> _Source information_
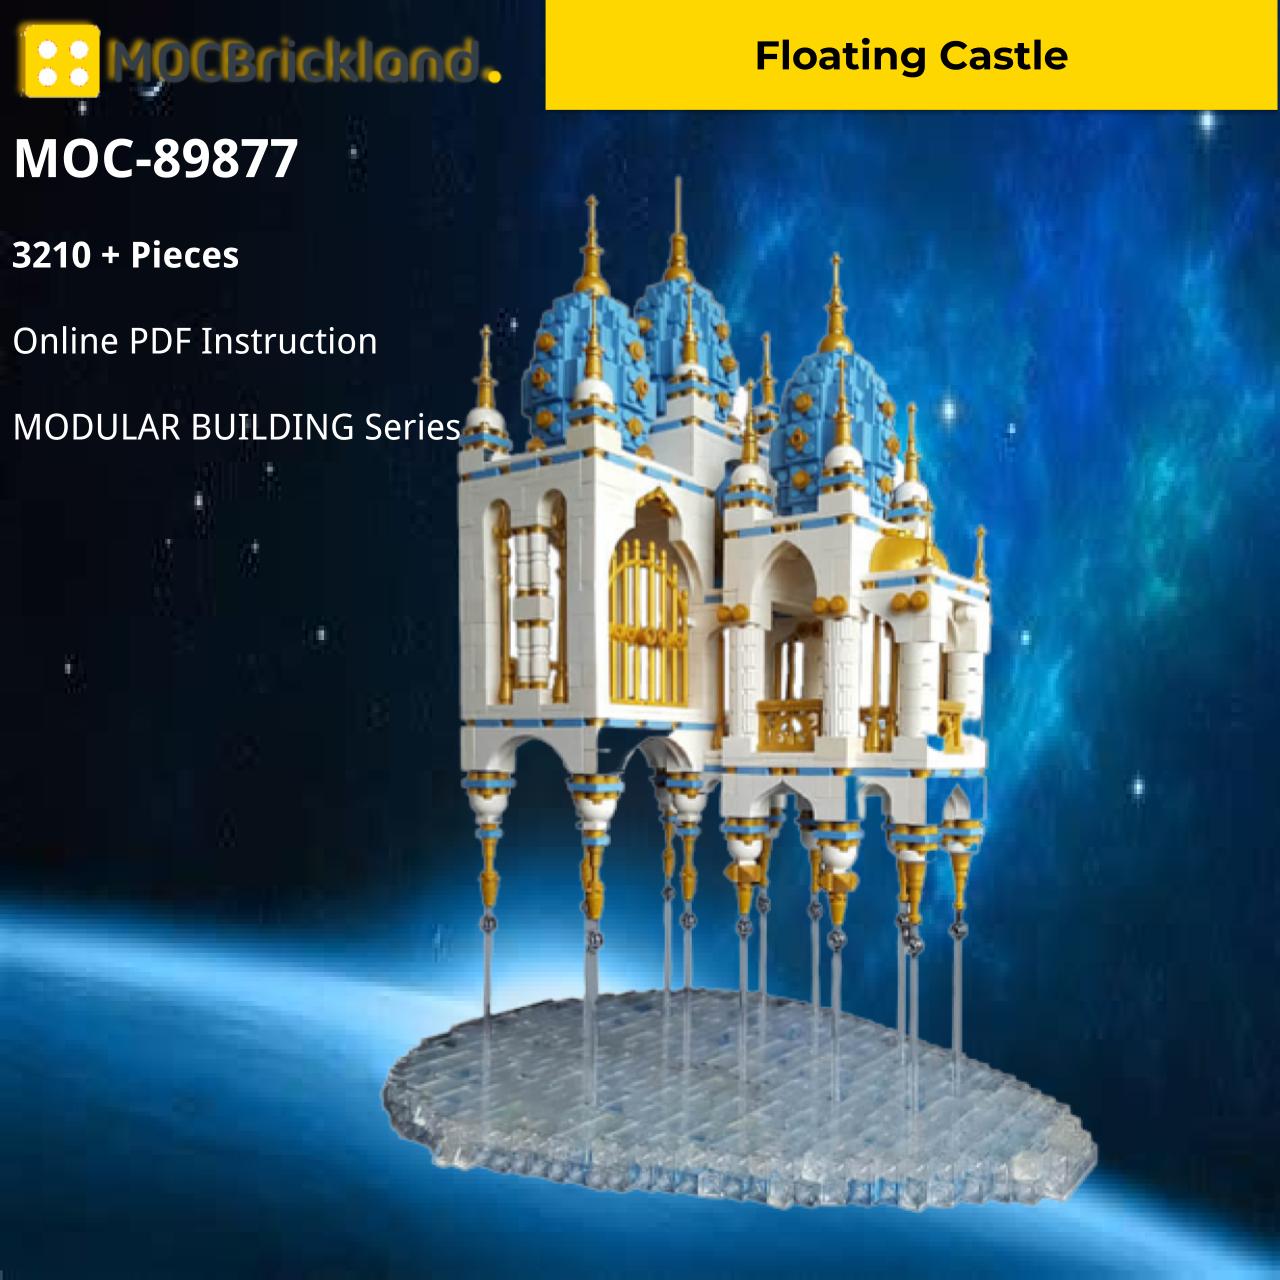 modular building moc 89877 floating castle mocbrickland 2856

==

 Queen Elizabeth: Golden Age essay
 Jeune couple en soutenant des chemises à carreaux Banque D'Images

---

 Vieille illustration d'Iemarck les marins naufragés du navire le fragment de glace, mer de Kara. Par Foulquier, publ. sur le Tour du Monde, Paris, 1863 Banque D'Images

> _Task statement_
Give the exact lines, and only those, from the line containing "Queen Elizabeth: Golden Age essay" through the line containing "Jeune couple en" in the entries above.

> _Answer to this exercise_
 Queen Elizabeth: Golden Age essay
 Jeune couple en soutenant des chemises à carreaux Banque D'Images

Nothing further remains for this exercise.